Nel Lazio manca una legge, dunque le strutture cimiteriali applicano la normativa nazionale o le indicazioni del comune: a Roma, nel 2012, l’allora sindaco di centrodestra, Gianni Alemanno, inaugurò al cimitero Laurentino il “giardino degli angeli”, per la sepoltura dei feti. Nel 2007, fece discutere la decisione della Lombardia, guidata dal presidente Roberto Formigoni, membro del movimento Comunione e liberazione. La giunta approvò una legge che imponeva a tutti i comuni lombardi di dare sepoltura, qualora non lo avessero fatto i genitori, anche ai feti abortiti prima della ventesima settimana. «Se il funerale non sarà richiesto, l’embrione verrà comunque sepolto perché merita in ogni caso un minimo di rispetto», aveva dichiarato Formigoni.

La legge regionale è stata modificata solo nel 2019, con un emendamento del Partito democratico votato all’unanimità che stabilisce che la sepoltura degli embrioni avviene «esclusivamente con la esplicita richiesta della donna o di chi è titolato alla decisione». Il governatore Attilio Fontana, tuttavia, ha deciso di attivare l’iter legislativo per ritornare alla legge Formigoni.

La privacy

Il problema della violazione della privacy è stata affrontata nel 2015 dal comune di Torino. La soluzione trovata è stata quella di una lapide con il numero di serie e la data di interruzione di gravidanza. Non solo, però: il comune non ha voluto rinunciare a indicare un nome. Che però, trattandosi di feti abortiti, nessuno ha scelto. Così, è un funzionario comunale a scegliere a proprio piacimento un nome di fantasia da scrivere sul marmo.

L’assessore dell’epoca, Stefano Lo Russo, lo ha definito «un compromesso per non lasciare le lapidi senza un nome, un fatto perlopiù estetico».L’obbligatorietà della sepoltura e la pratica silentemente consolidata del nome della donna sulla lapide spesso all’insaputa delle dirette interessate ha riaperto il tema della minaccia alla legge 194, che disciplina l’aborto. «È come a dire a tutti: "La signora ha abortito”», ha scritto su Facebook la senatrice del Pd, Monica Cirinnà.

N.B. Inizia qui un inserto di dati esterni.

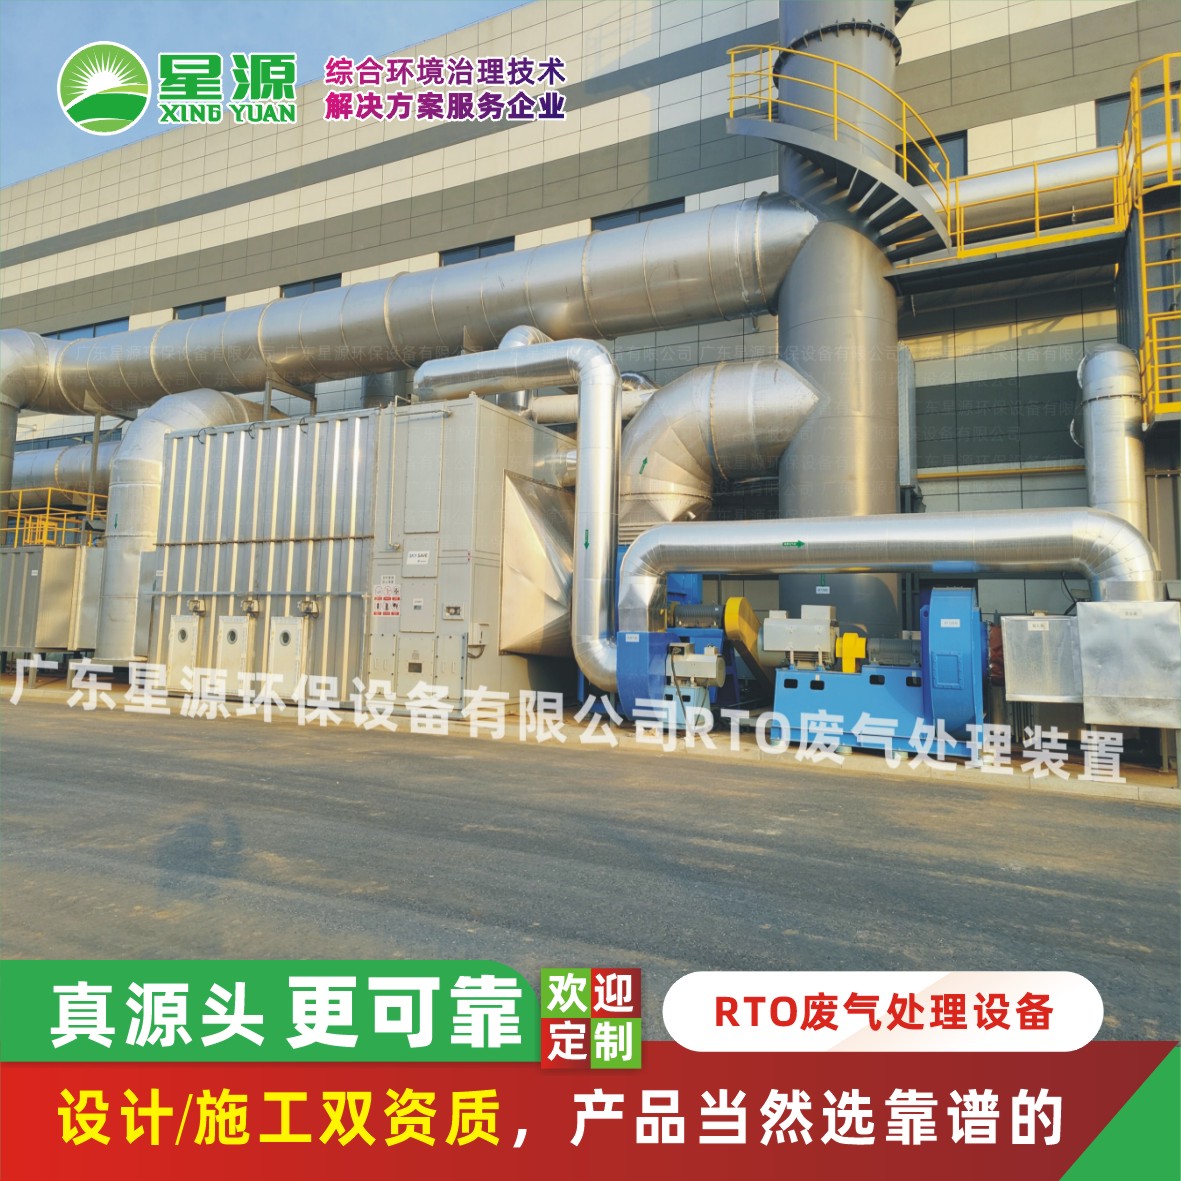 RTO廢氣處理設備-工業廢氣治理方案-廢氣處理廠家
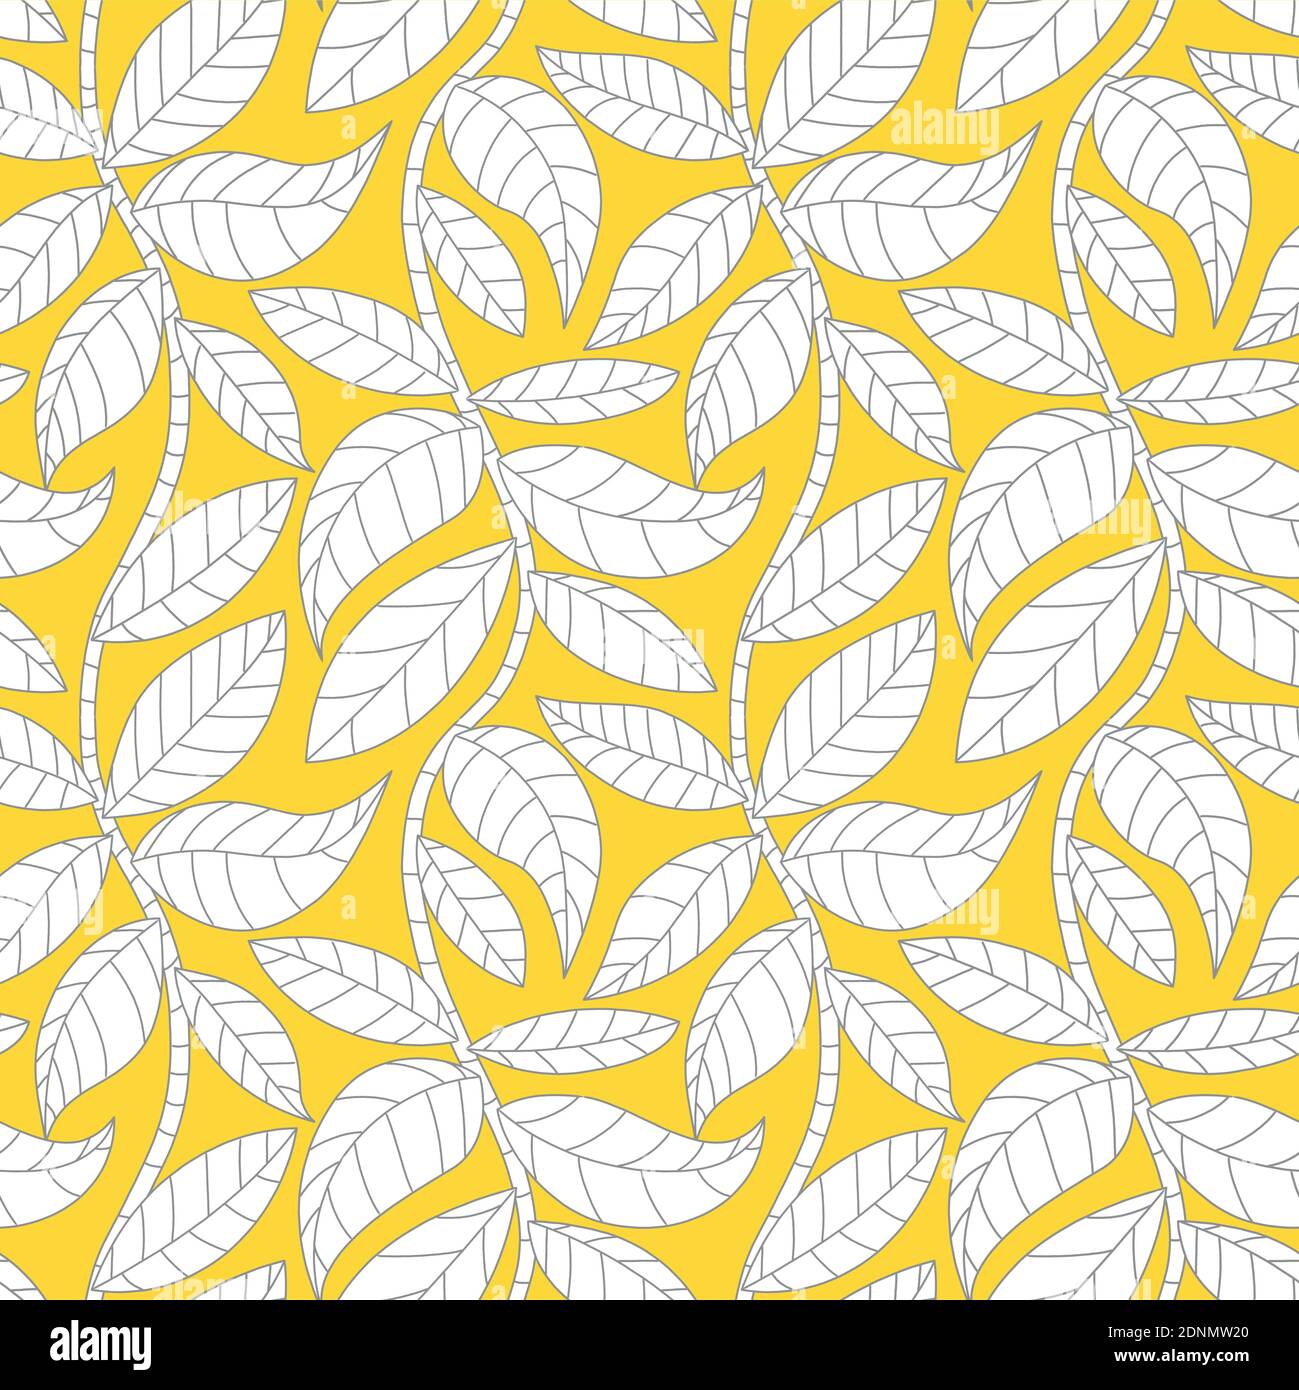 Nahtloses Vektormuster mit einfachen Blättern auf Ästen in ultimativem Grau und leuchtendem Gelb. Lebendige Natur Tapete Hintergrund. Stock Vektor

Dietro l’obbligo di sepoltura del feto, tuttavia, sta il grande non detto: gli si dà una tomba perché non sarebbe un “prodotto del concepimento” ma un bambino mai nato. Nel mezzo della disputa etica tra associazioni pro life e attivisti per i diritti civili sulla qualificazione soggettiva del feto, tuttavia, finisce dolorosamente la donna. Lo stato le ricononsce il diritto di abortire, ma impone come contropartita pubblica la posa di una lapide con il suo nome inciso sopra.